FDA Needs More Time to Evaluate Takeda’s New Diabetes Drug, Alogliptin
FDA Needs More Time to Evaluate Takeda’s New Diabetes Drug, Alogliptin

The Food and Drug Administration will need more time to evaluate Takeda Pharmaceuticals North America Inc.’s experimental diabetes drug alogliptin, delaying a potential blockbuster billion-dollar seller from reaching the market.

New safety guidelines of the FDA issued in December 2008 (Guidance for Industry: Diabetes Mellitus -- Evaluating Cardiovascular Risk in New Antidiabetic Therapies to Treat Type 2 Diabetes )suggest that alogliptin should be tested in additional clinical data in order to satisfy the agency’s review of the product before it can be sold as a treatment for diabetes.

The new guidelines follow reports that currently-available drugs may raise cardiovascular risks.

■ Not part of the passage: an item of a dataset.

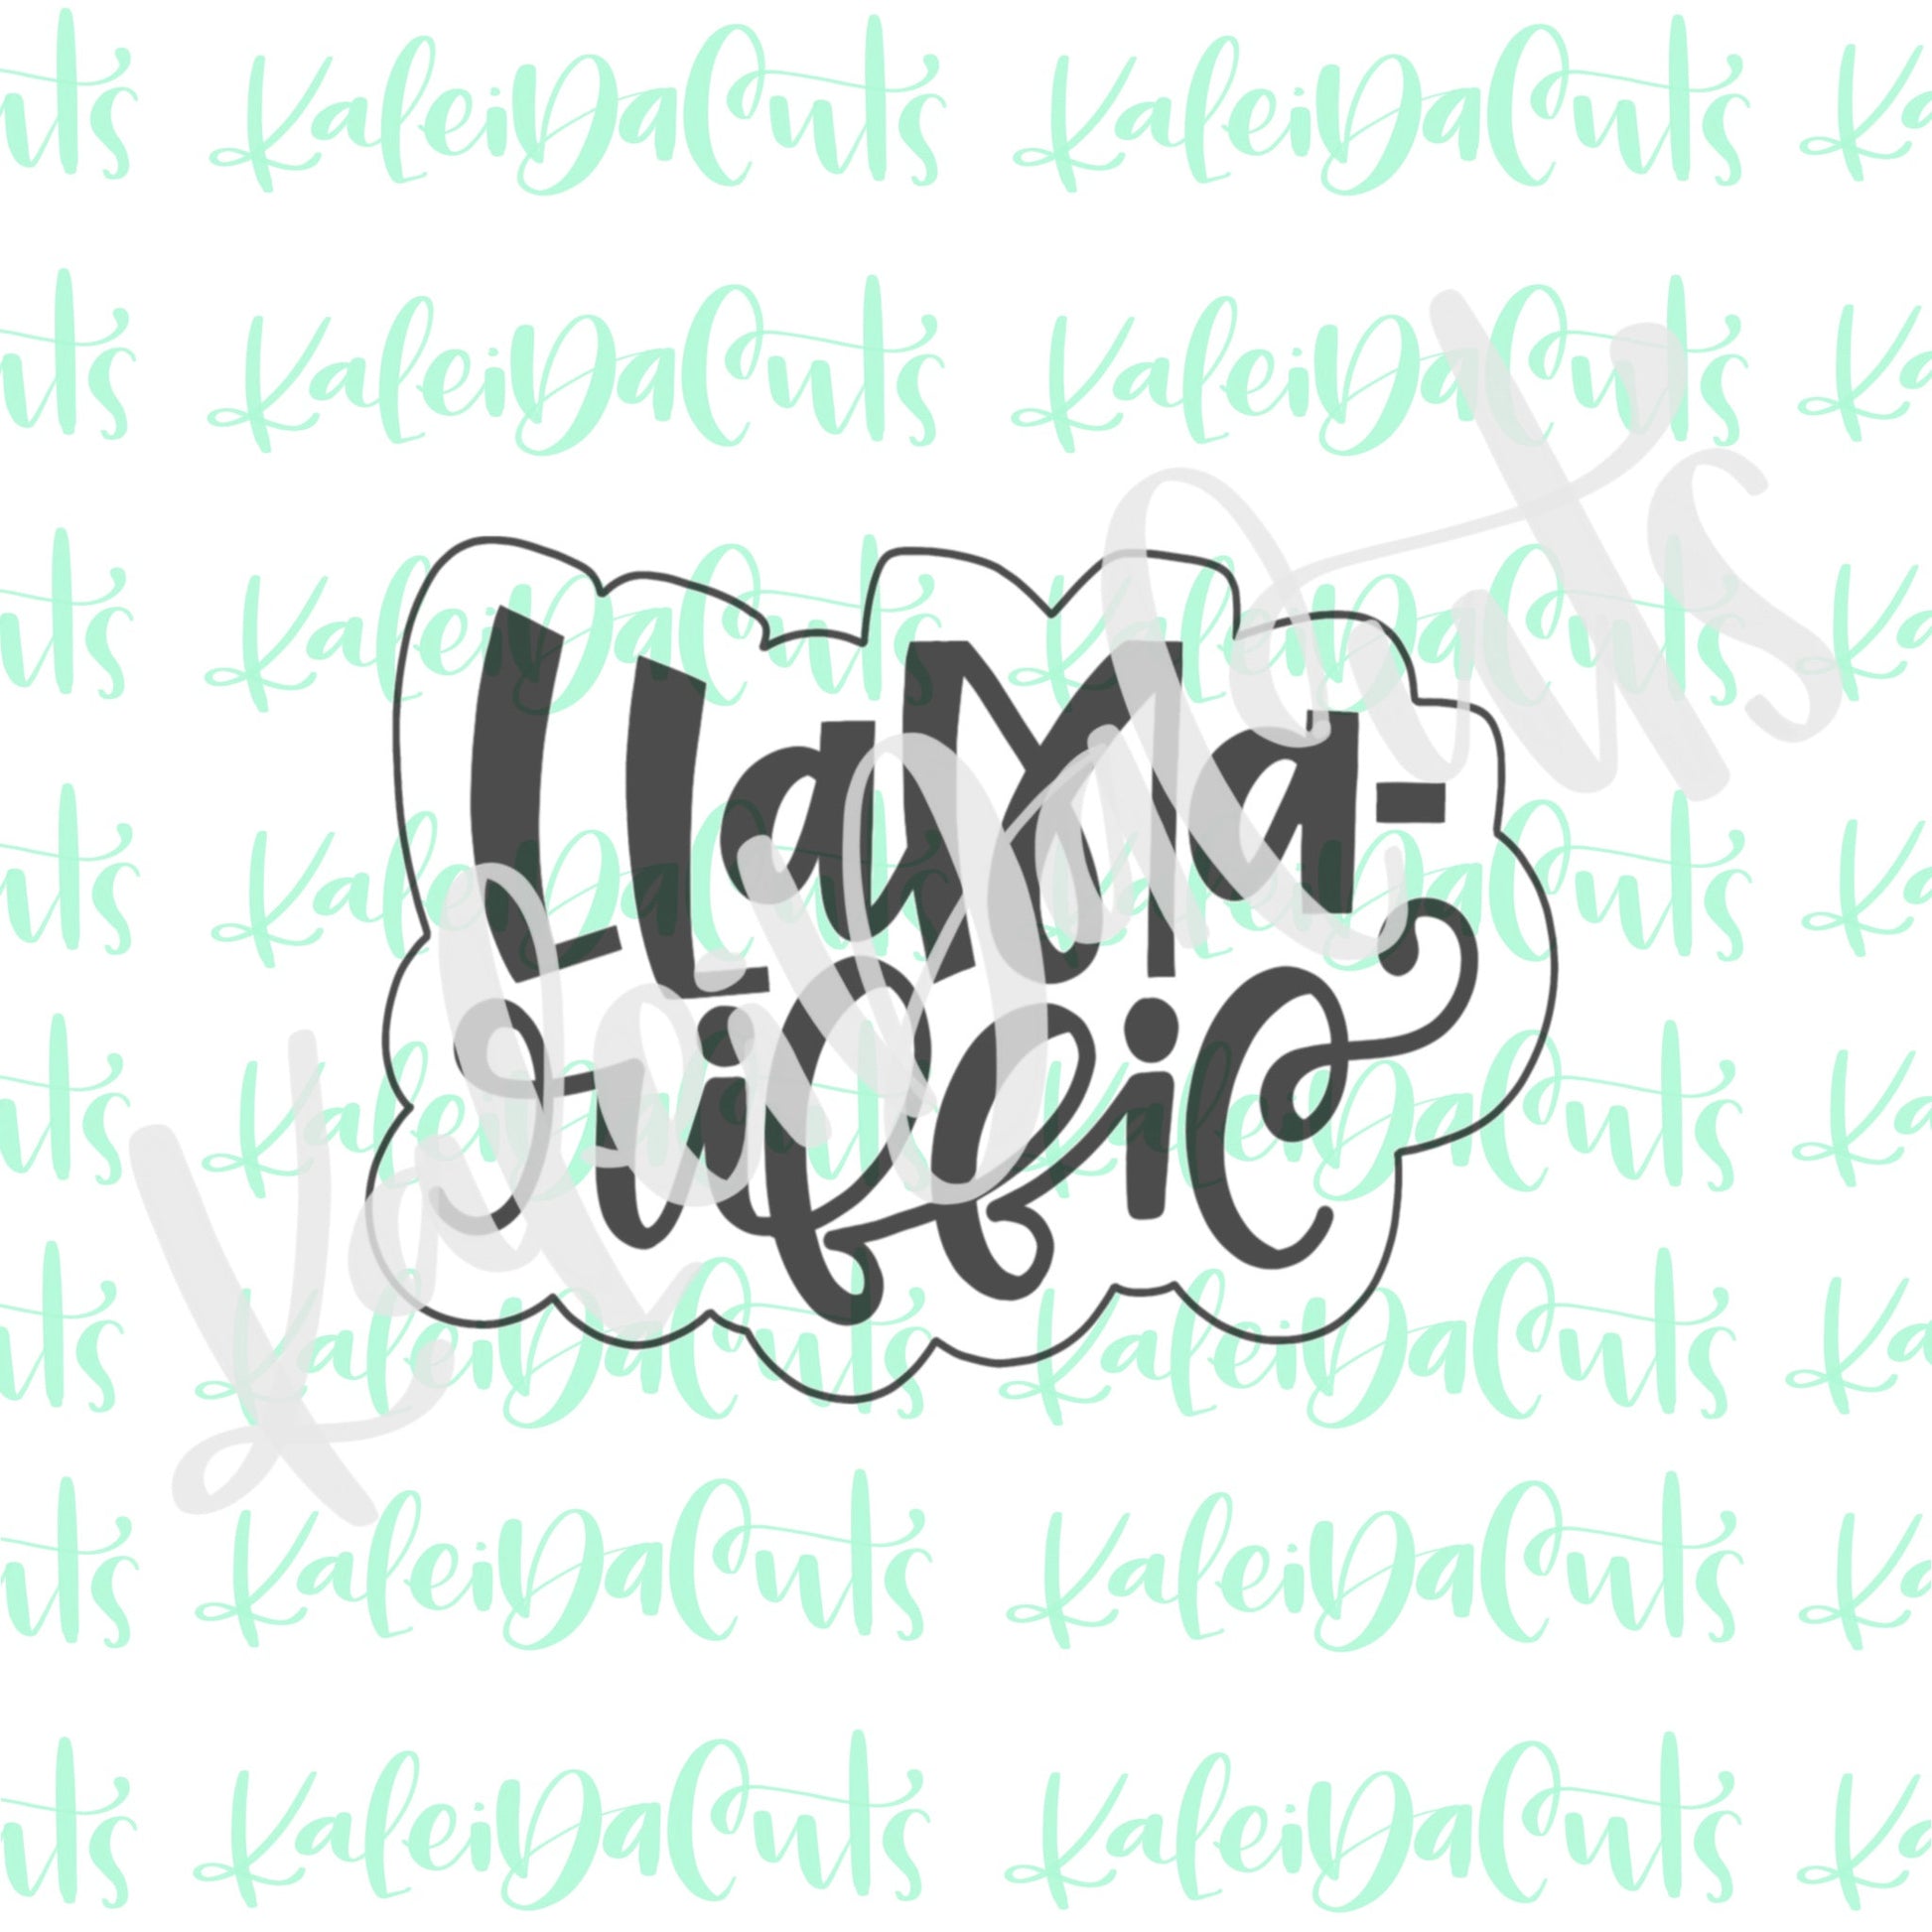 Llama-riffic Lettering Cookie Cutter

In November 2007, Avandia, once a popular diabetes drug, received a black box warning because increased risk of heart attacks in diabetes patients. The drug increases the risk of heart attack by 40 percent, doubles the risk of heart failure and bone fractures and increases the risk of anemia and vision loss from macular edema.

Referring to the new diabetes drug alogliptin, the FDA doesn’t consider there is currently enough data to meet “certain statistical requirements in the new guidance. Takeda will continue to work closely with the FDA to discuss a protocol” for the necessary cardiovascular study of alogliptin, Takeda spokesman Matt Kuhn said.

Alogliptin is part of a new class of diabetes drugs known as dipeptidyl peptidase IV inhibitors, which are being reviewed as an adjunct to diet and exercise for the treatment of type 2 diabetes. A drug belonging to this class is Januvia, which is already on the market, generating $1.4 billion in worldwide sales last year for New Jersey drug giant Merck & Co.